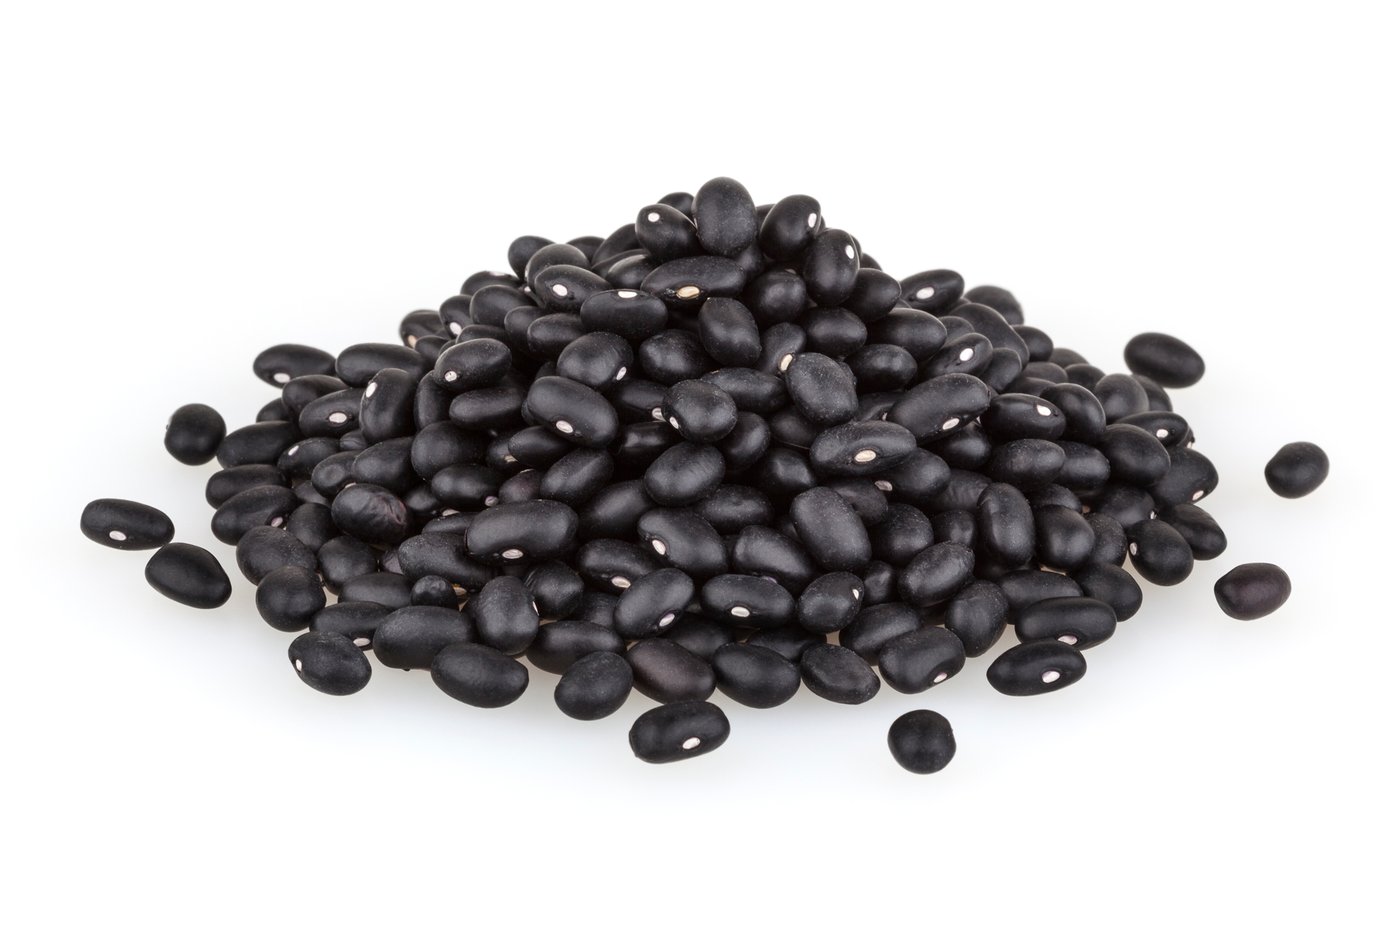 Black Beans image zoom
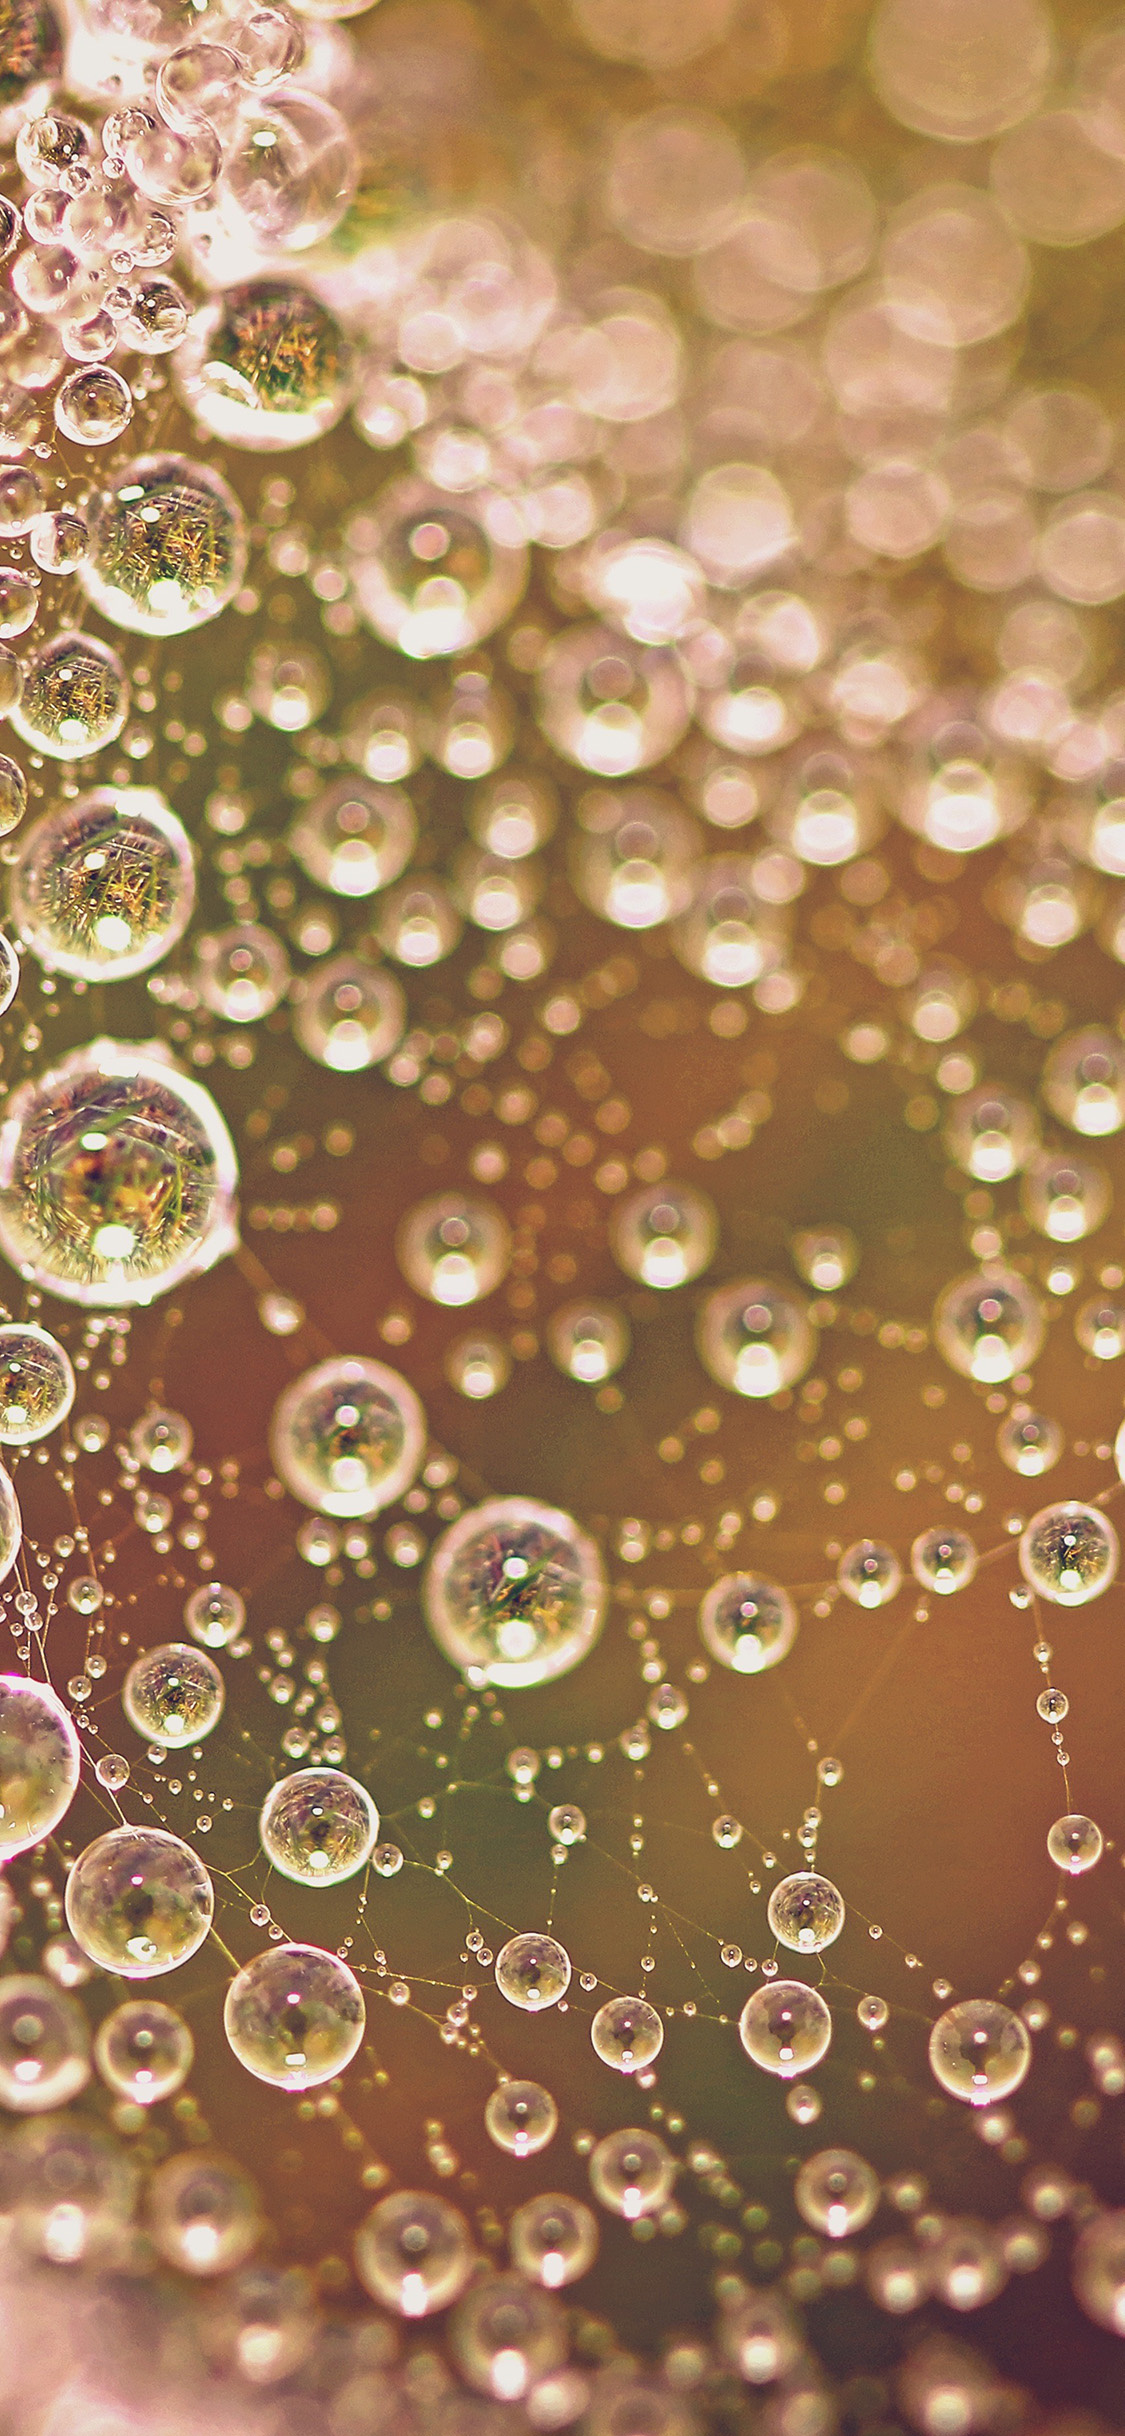 | iPhone X wallpaper | wd90-pattern-background-rain- bubbles-texture 1130x2440
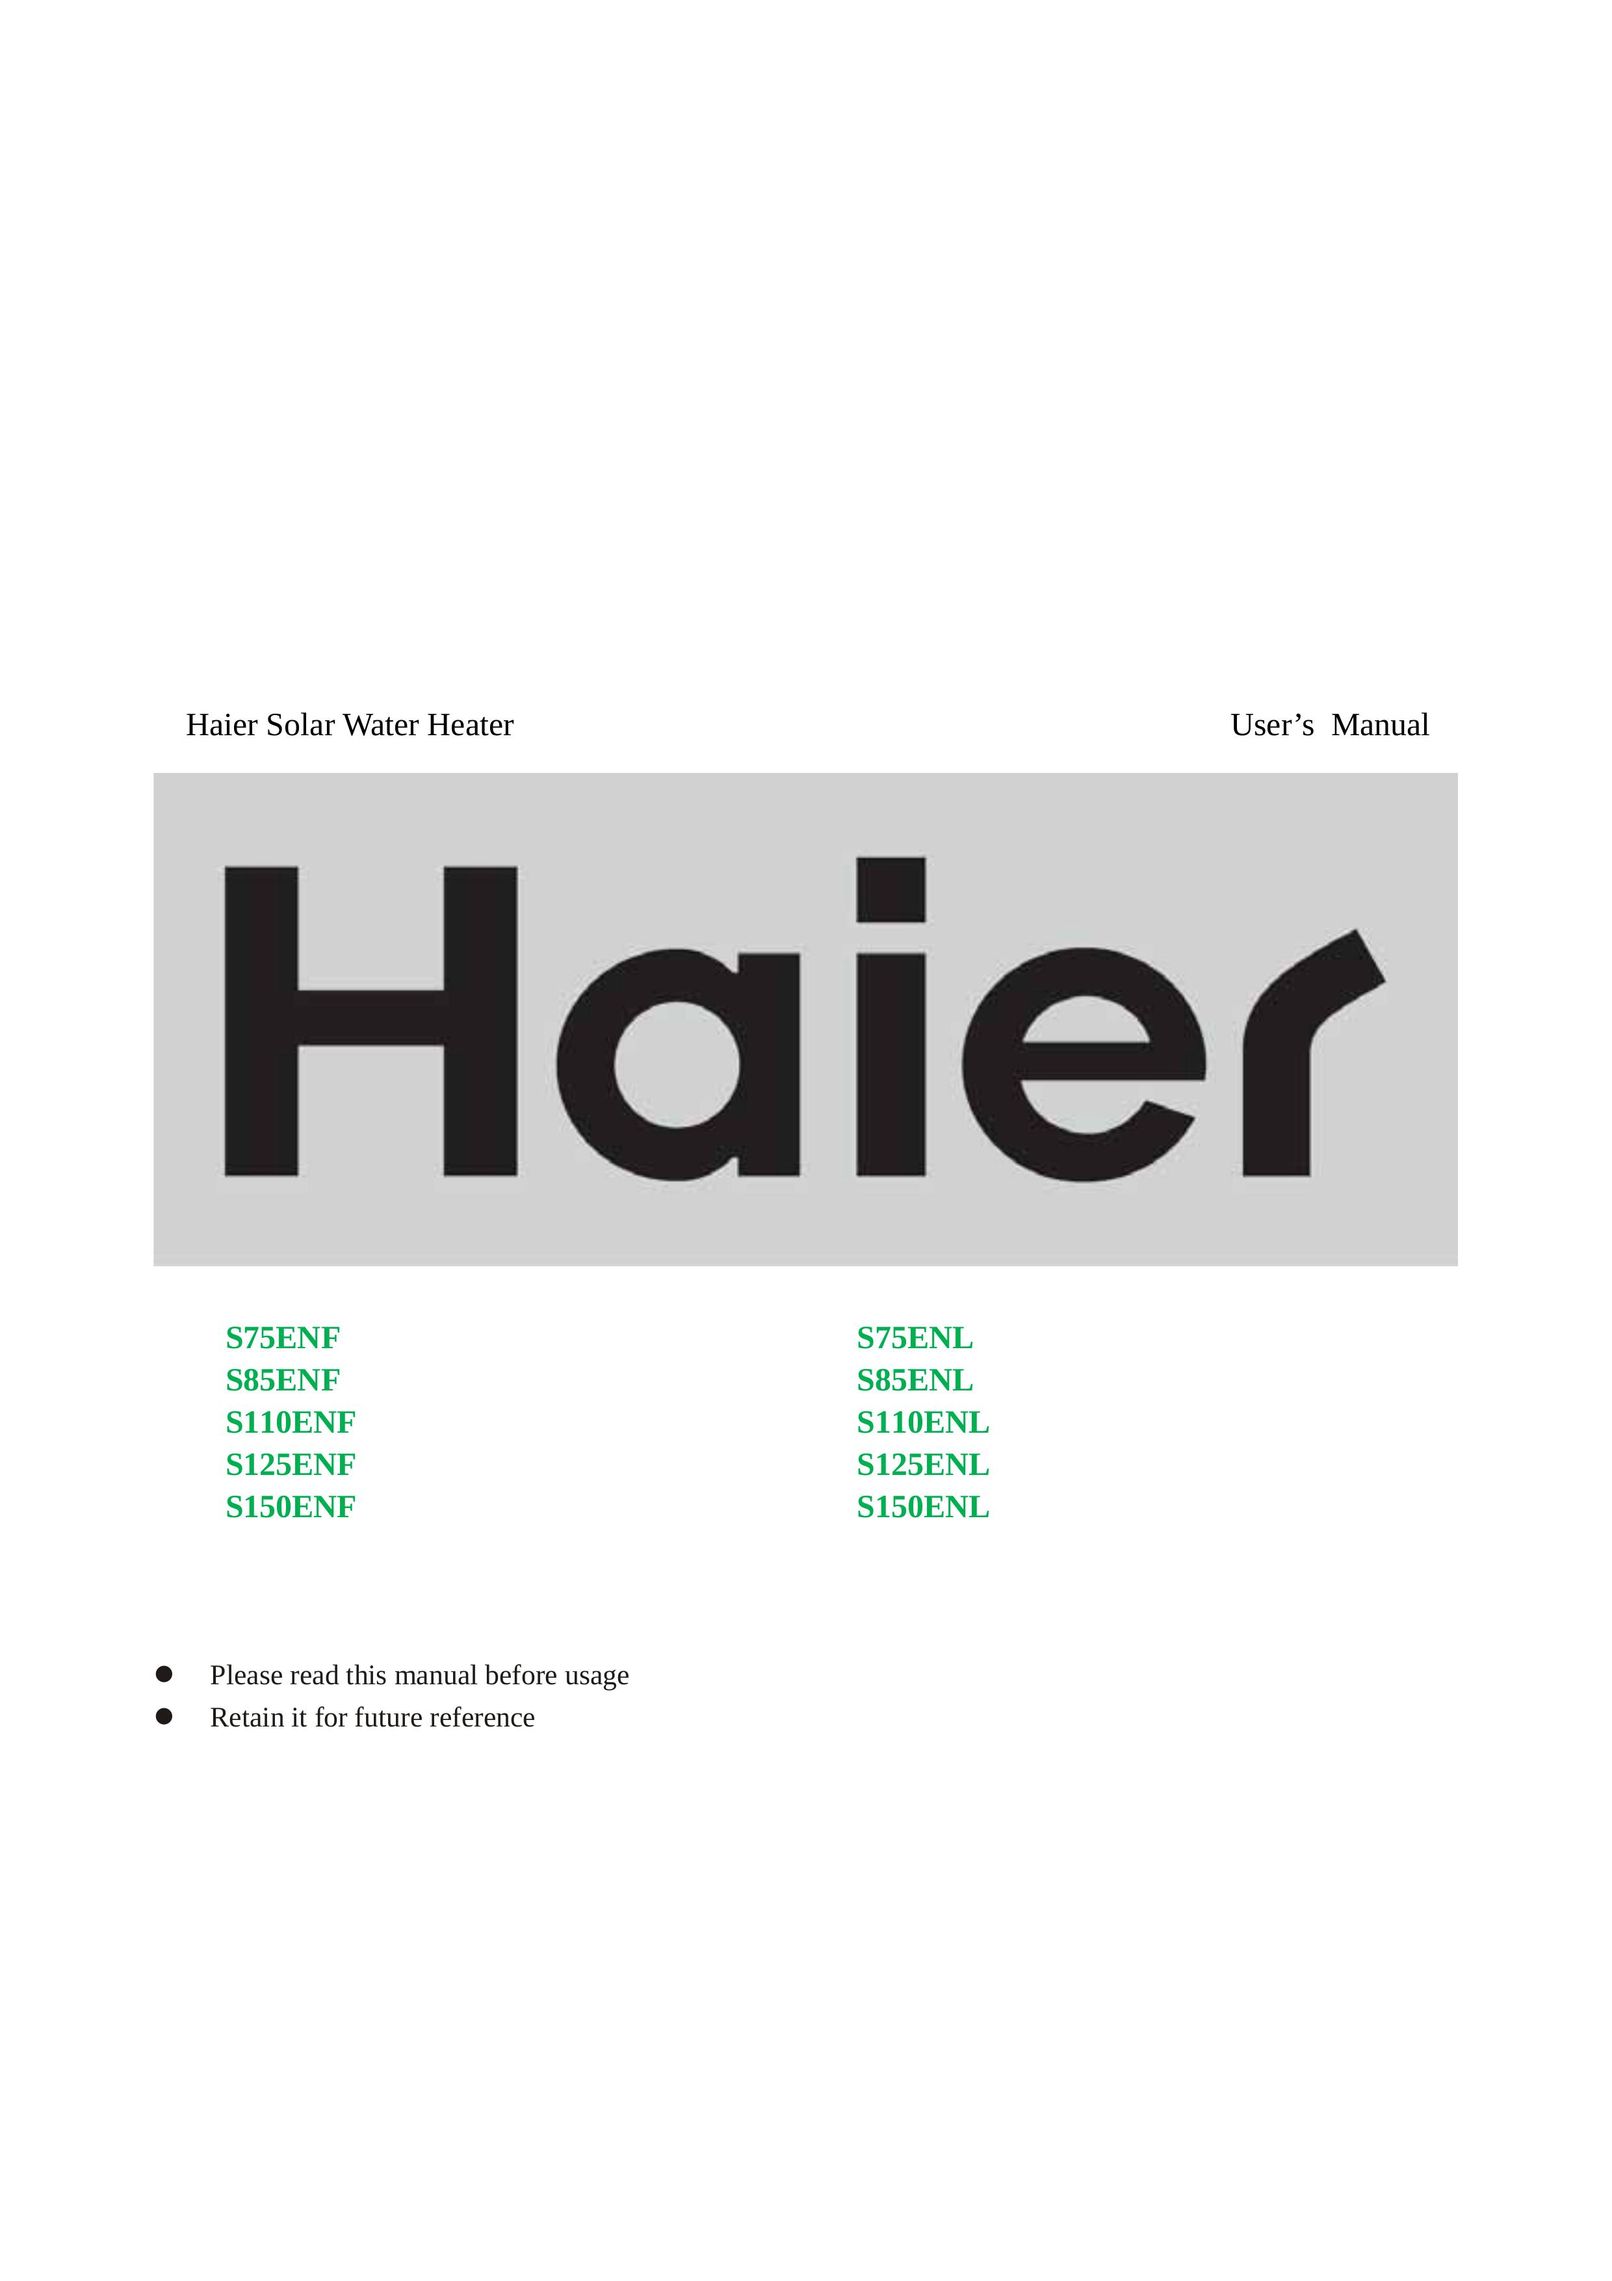 Haier S110ENL Water Heater User Manual
#####
#### TASK OBJECTIVE:
Give back the full listing exactly, with pictures dropped.

#### RESPONSE TO THE TASK:
 Black Beans image zoom
 | iPhone X wallpaper | wd90-pattern-background-rain- bubbles-texture 1130x2440
 Haier S110ENL Water Heater User Manual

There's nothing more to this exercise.